WHAT IS NEEDED: Leaving out pictures, output exactly the lines below from the one that has "podkład Bell Nude Liquid Powder" through the one that has "mason jar hanging", and nothing else.

Top of TASK MATERIAL

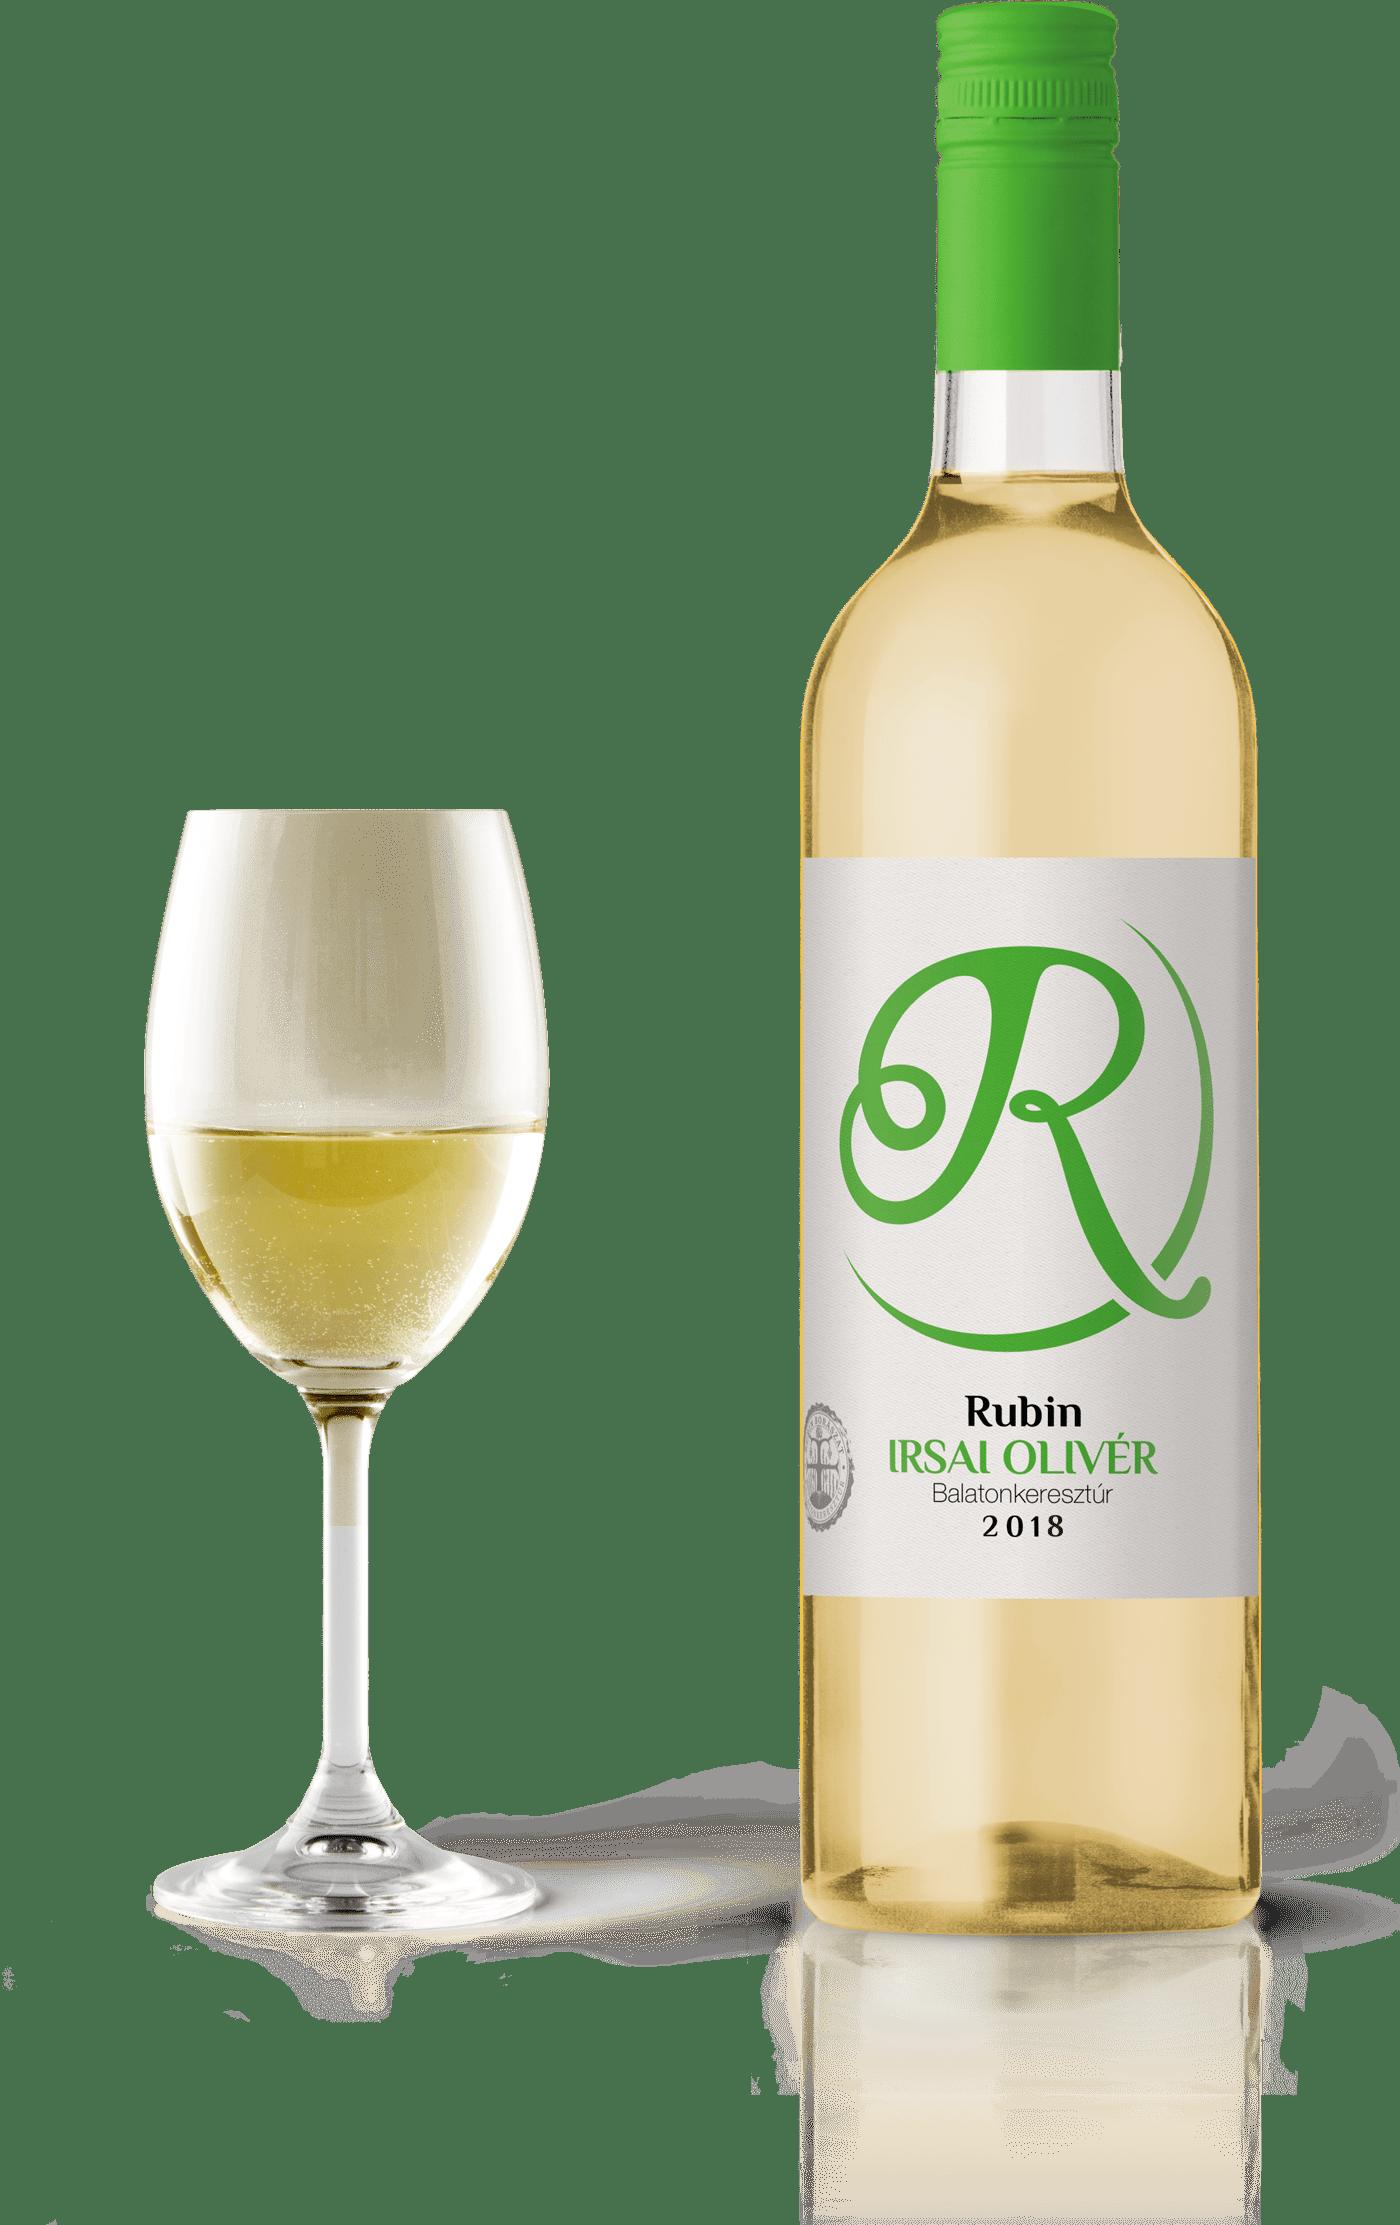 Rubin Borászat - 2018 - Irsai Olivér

Bottom of TASK MATERIAL
Top of TASK MATERIAL

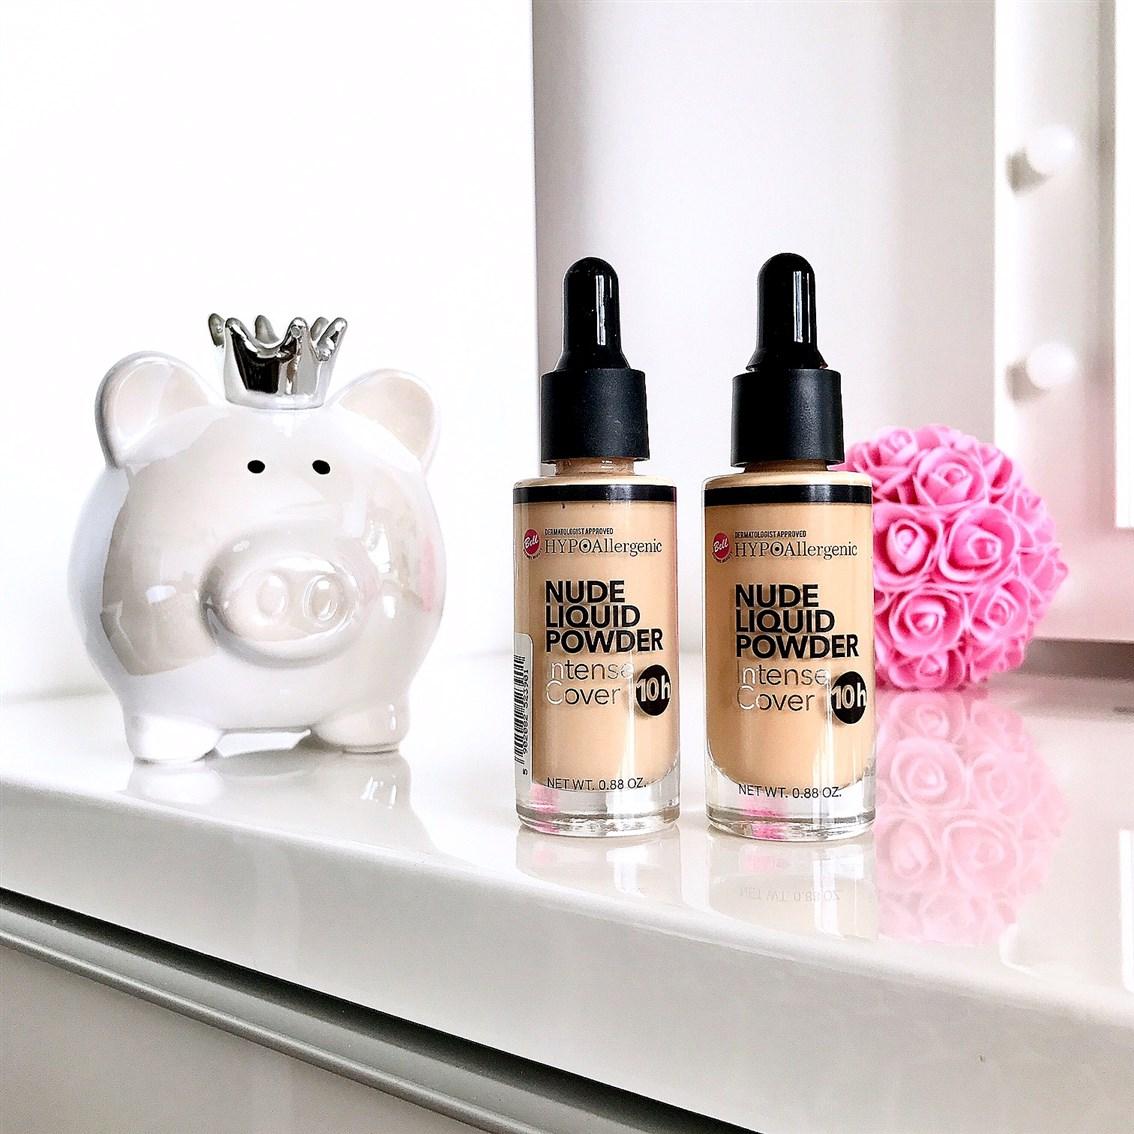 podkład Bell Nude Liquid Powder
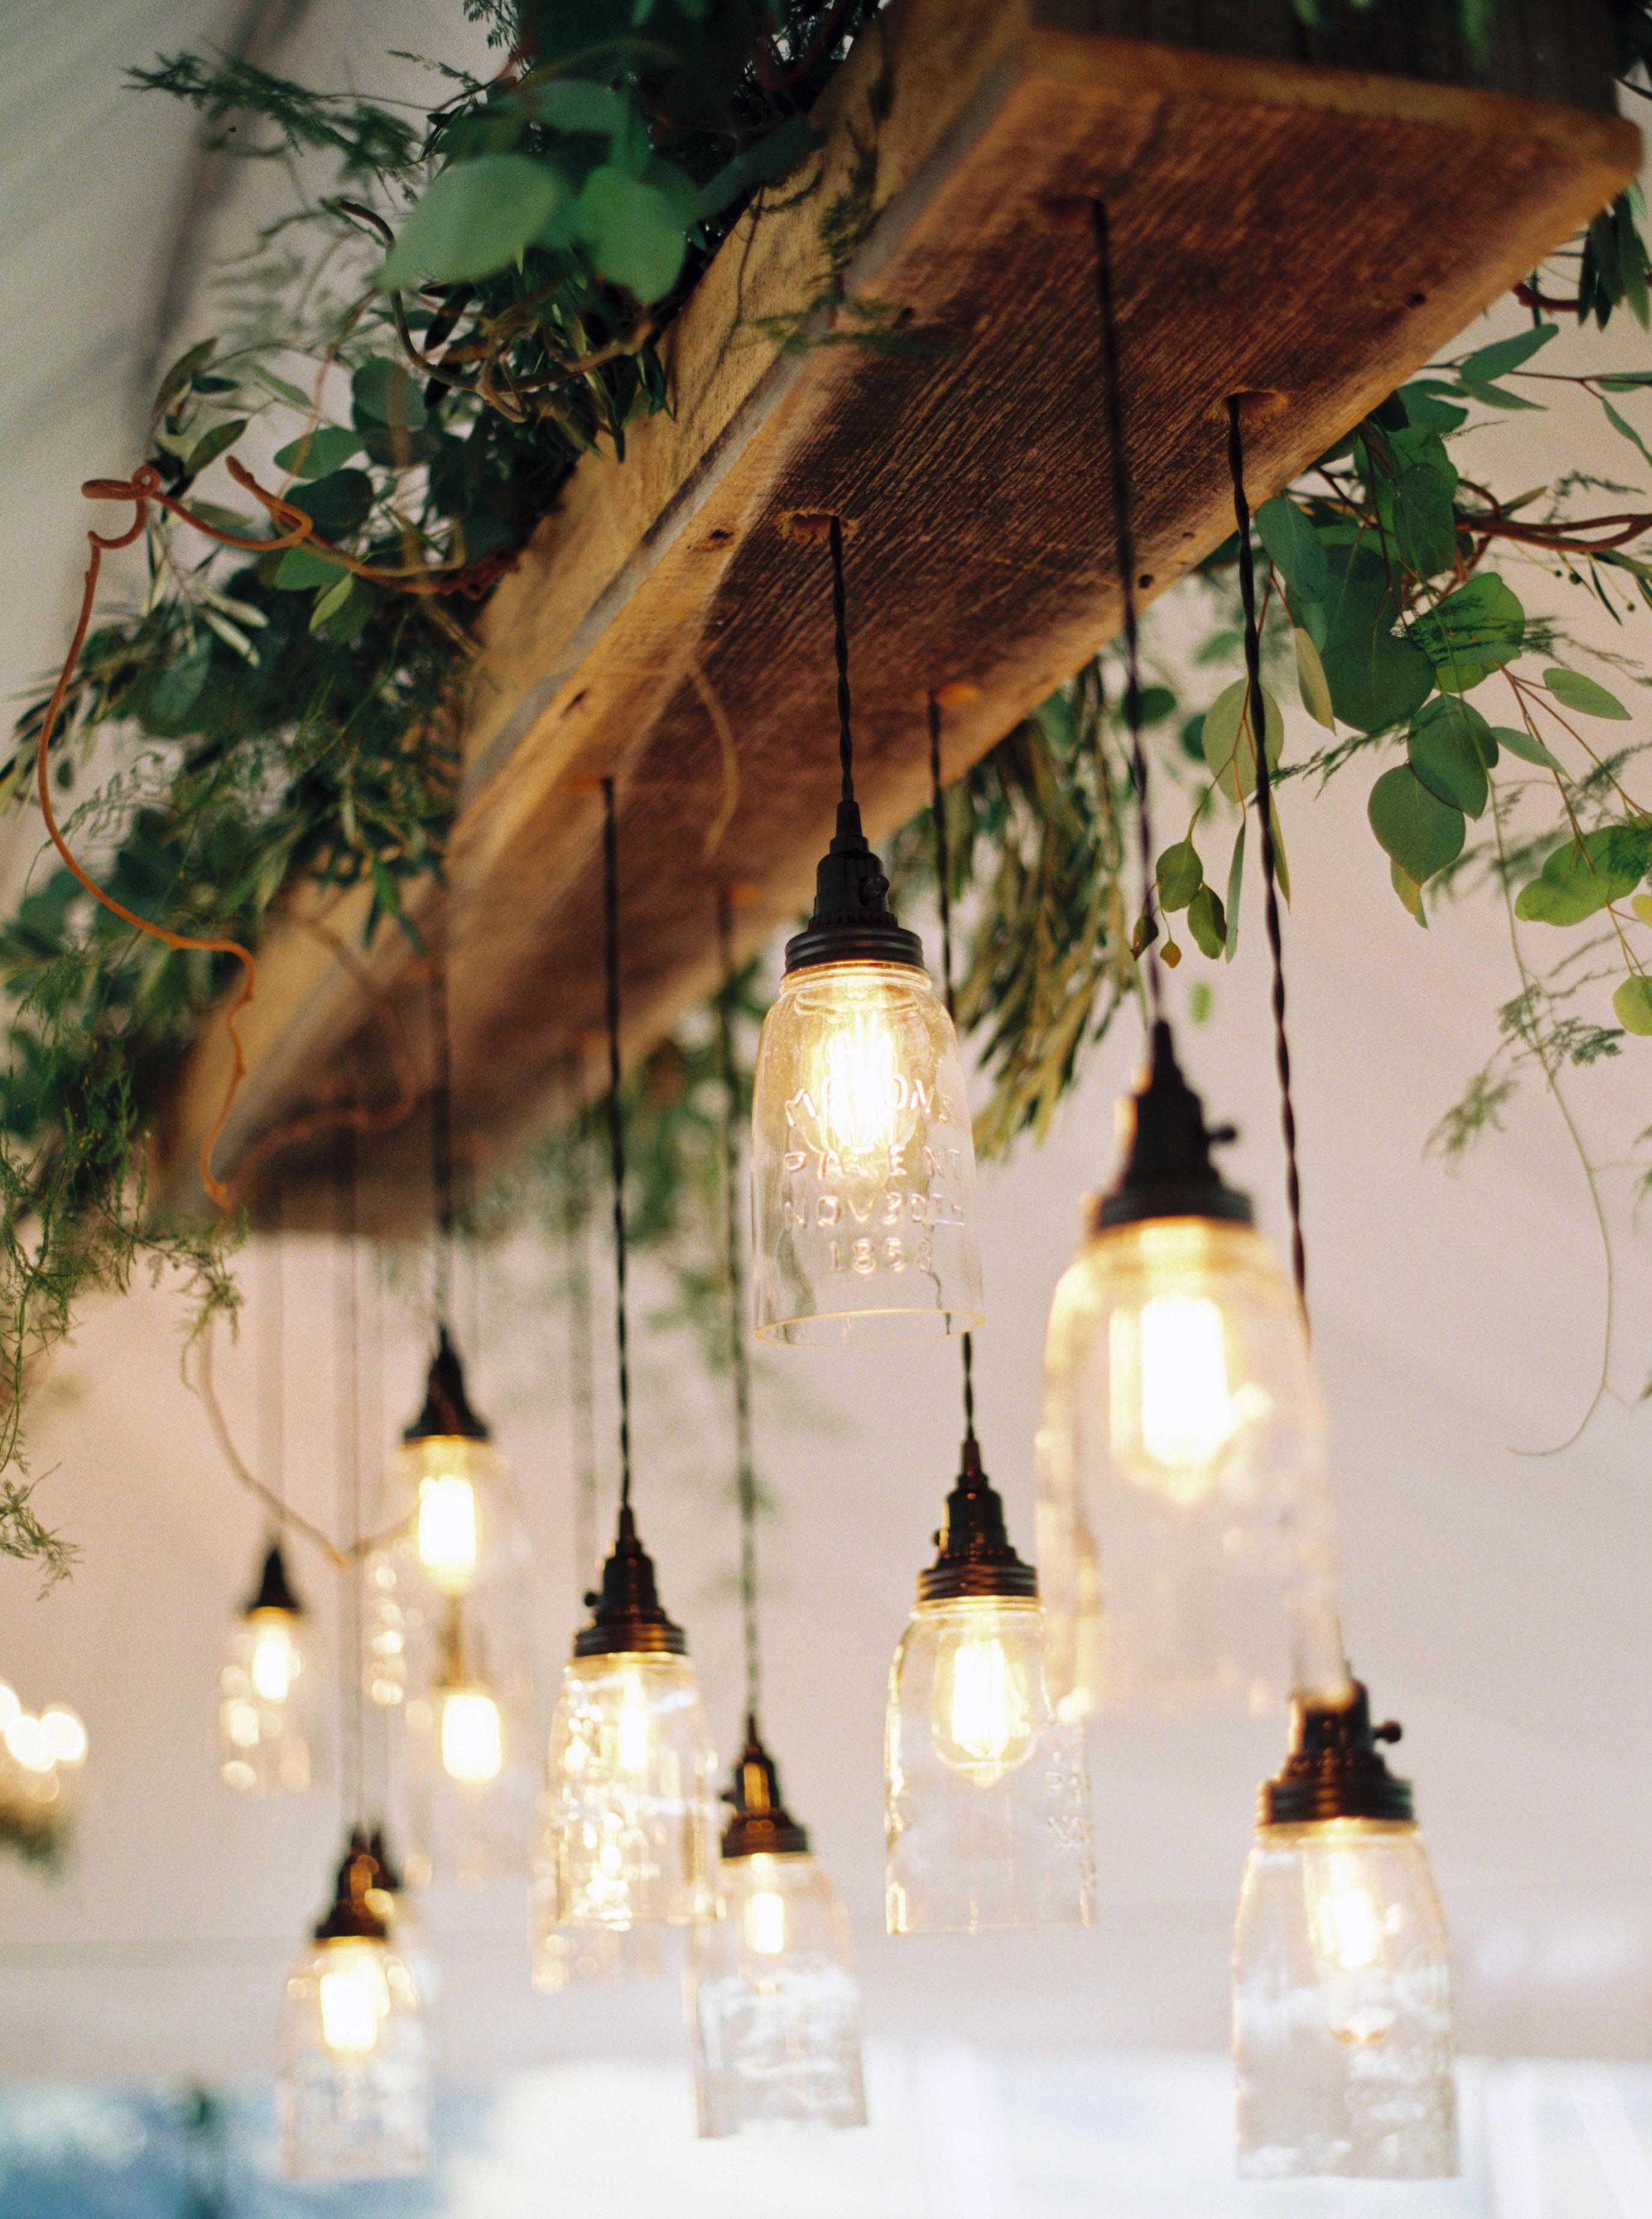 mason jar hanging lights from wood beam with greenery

Bottom of TASK MATERIAL

RESPONSE TO THIS TASK:
 podkład Bell Nude Liquid Powder
 mason jar hanging lights from wood beam with greenery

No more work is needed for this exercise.